The Board then stated that Labor Code §4660 provides that the schedule for rating permanent disability is prima facie evidence of the percentage of permanent disability to be attributed to each injury covered by the schedule.

The Board then went on to indicate in the en banc decision in Almaraz/Guzman to a departure from the strict interpretation of the rating schedule and the AMA guides is appropriate for cases that do not fit neatly into the diagnostic criteria and descriptions of the guides. The Board reasoned the physician should be allowed to use their clinical judgment to evaluate the impairment most accurately even if that is possible only by resorting to comparable conditions described in the AMA guides.

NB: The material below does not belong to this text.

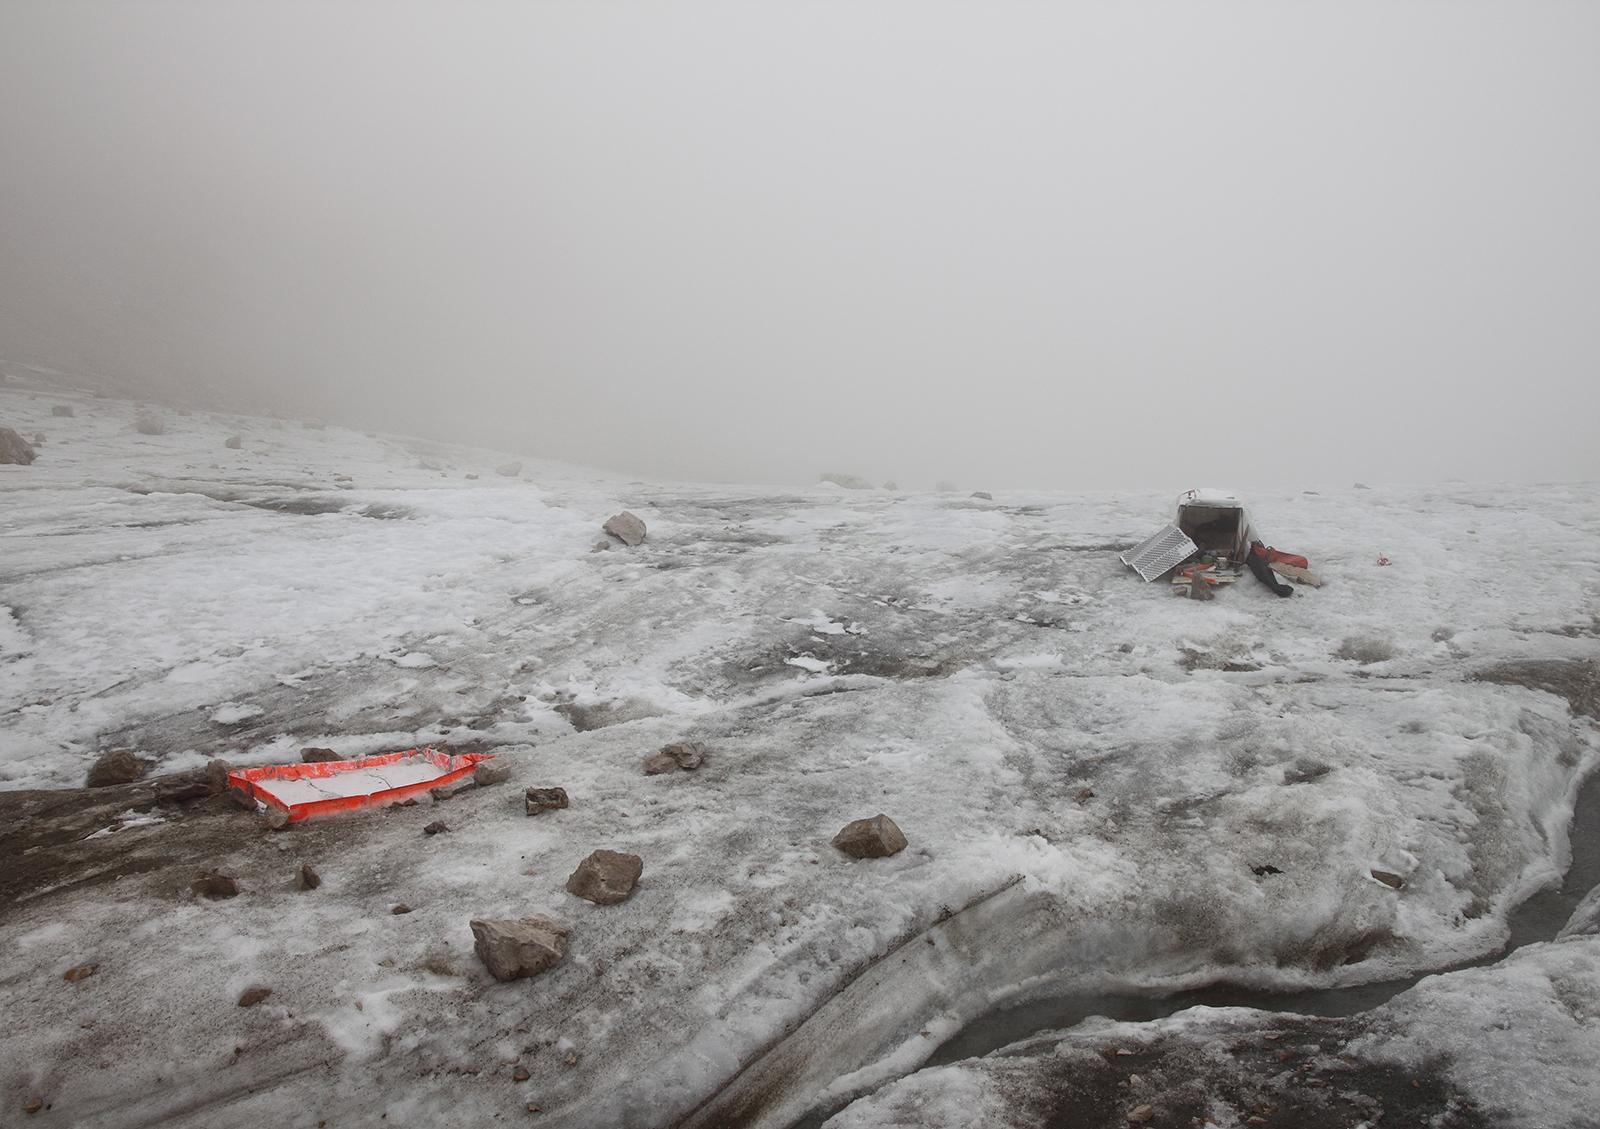 Verlassene Bergsteigerausrüstung bei Schlechtwetter auf der Zugspitze.

Any deviation from the guides must be based on substantial evidence. Where a condition is not covered by the AMA guides, a physician should compare the non-covered conditions impairment level to a measurable impairment covered by the AMA guides, including by reference the activities of daily living.

The Board then concluded the medical report of the qualified medical evaluator was not sufficient. The report did not state that the AMA guides did not cover the applicant’s condition, nor did he address whether and to what extent applicant’s activities of daily living are effected by the industrial injury.

Although the physician did state the applicant sustained a significant injury and had difficulty using his fingers in any type of normal fashion, the panel concluded that his reporting was insufficient to support a deviation from the strict rating.

Finding the judge and itself under an obligation to develop the record further where there is insufficient medical evidence on an issue, the panel remanded the case to the trial level with instructions to develop the Qualified Medical Evaluator’s opinion on the issue of permanent disability. The WCAB cited the case of Kuykendall 65 CCC 264 which requires development of the record to ensure substantial justice in all cases.

The WCAB indicated the parties needed to solicit a supplemental explanation or to depose the physician.